Complement fixation refers to the ability of antigen-antibody complex to bind complement so that the latter becomes “fixed” and “used up” (Fig. 41.27). The complement fixation is used in complement fixation test (CFT), which is very versatile and sensitive and can be used to detect extremely small ; mount of an antibody (as little as 0.04 μg) for a suspect microorganism in an individual’s serum.

Complement fixation test is performed in two stages. In stage 1, test serum (for the detection of antibody) and the antigen are mixed carefully in a test tube. If the test serum contains antibody then antigen-antibody complexes (immune complexes) are formed. Now a measured amount of complement is added to the mixture and the latter is incubated at 37°C for one hour. The complement is fixed and used by the immune complexes.

In stage 2, sensitized indicator cells, usually sheep red blood cells previously coated with complement-fixing antibodies, are added to the mixture; the indicator cells help determining whether the complement has been fixed and consumed in stage 1 reaction or not.

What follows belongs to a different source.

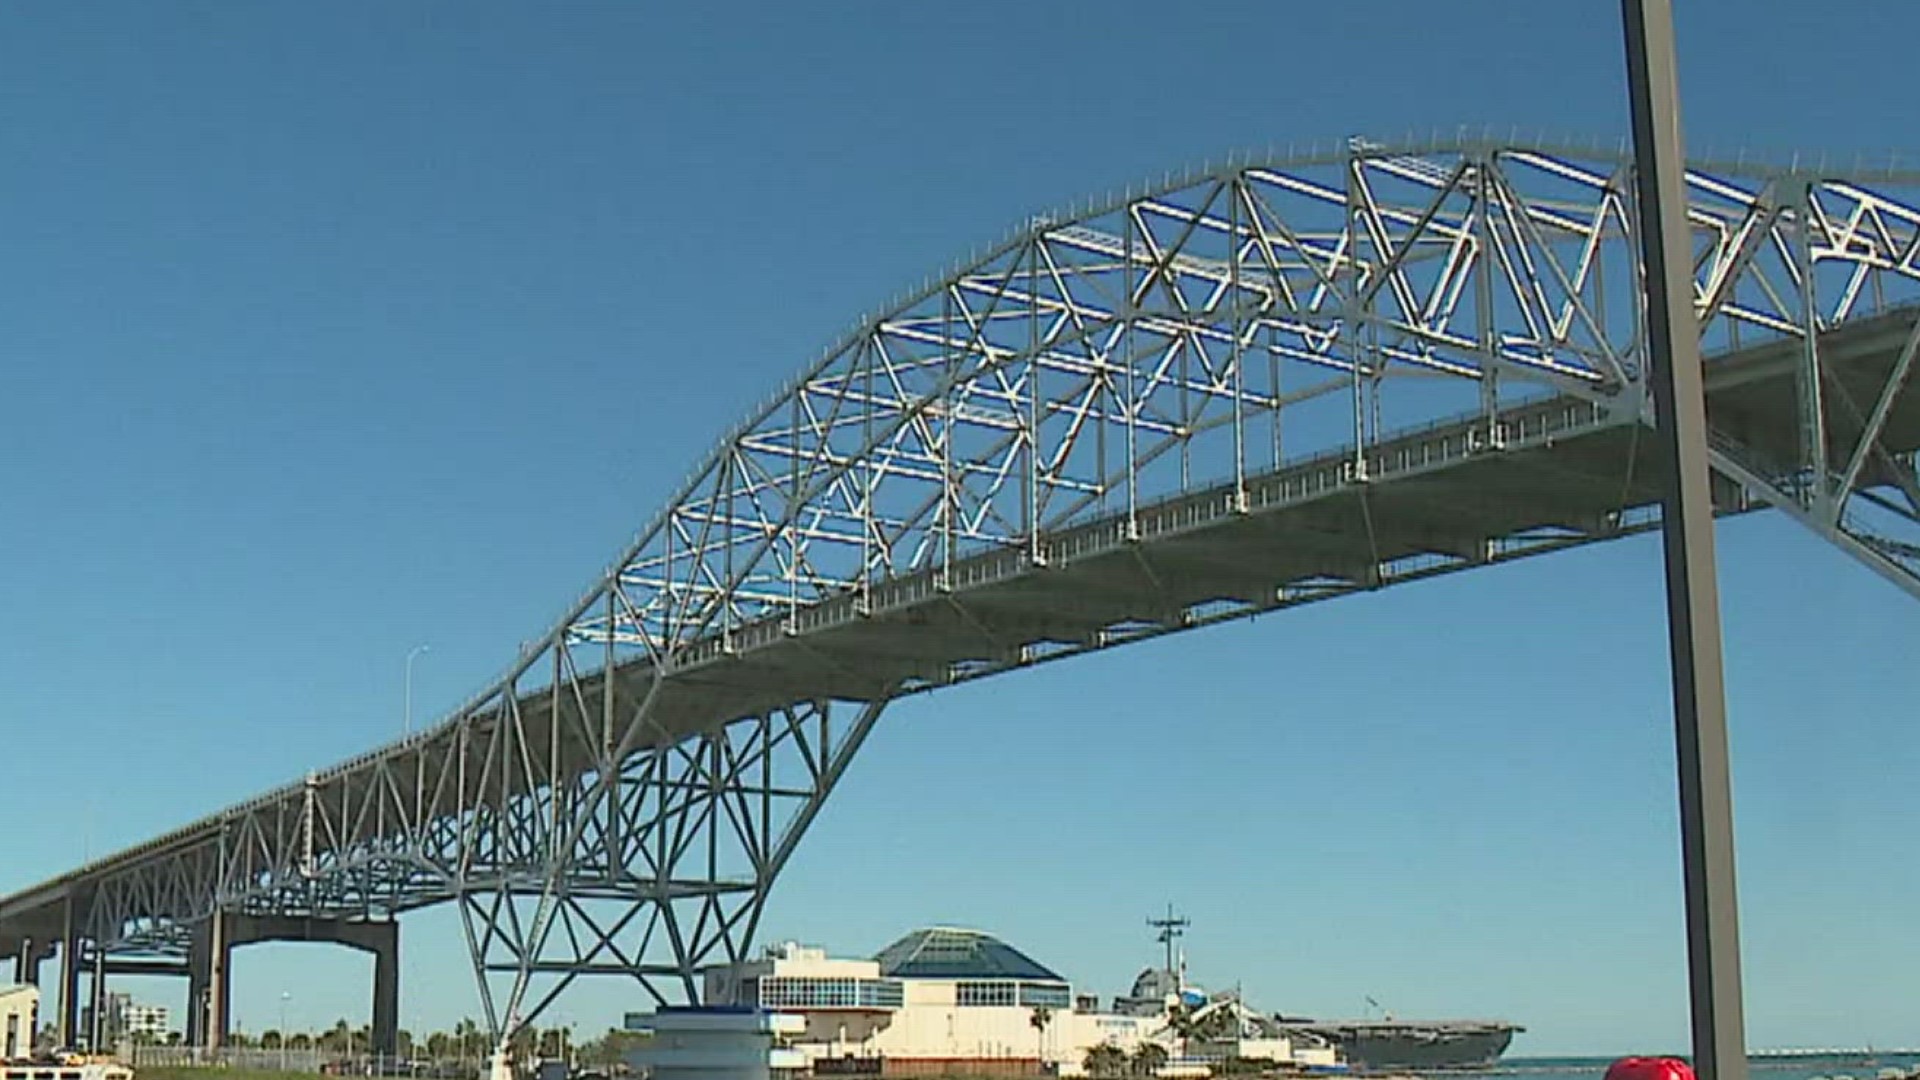 We spoke with the Harbor Bridge Project to learn about what people in the Coastal Bend can expect out of the project as we begin the new year.

One of the two, positive and negative, tests are found at this stage. If the complement has been fixed and consumed during stage I reaction, insufficient amount of complement will be available to lyse the indicator cells and; therefore, a positive test is obtained.

On the other hand, if the complement has not been fixed and consumed due to absence of antibodies during stage 1 reaction, the unused complement results in lysis of the indicator cells and, therefore, a negative test is obtained. Absence of lysis of indicator cells (positive test) shows that specific antibodies are present in the test serum, whereas presence of lysis (negative test) shows that specific antibodies are absent in the test serum.

Complement fixation test was once used in the diagnosis of syphilis and is currently employed in the diagnosis of certain viral, rickettsial, chlamydial, protozoan, and fungal diseases.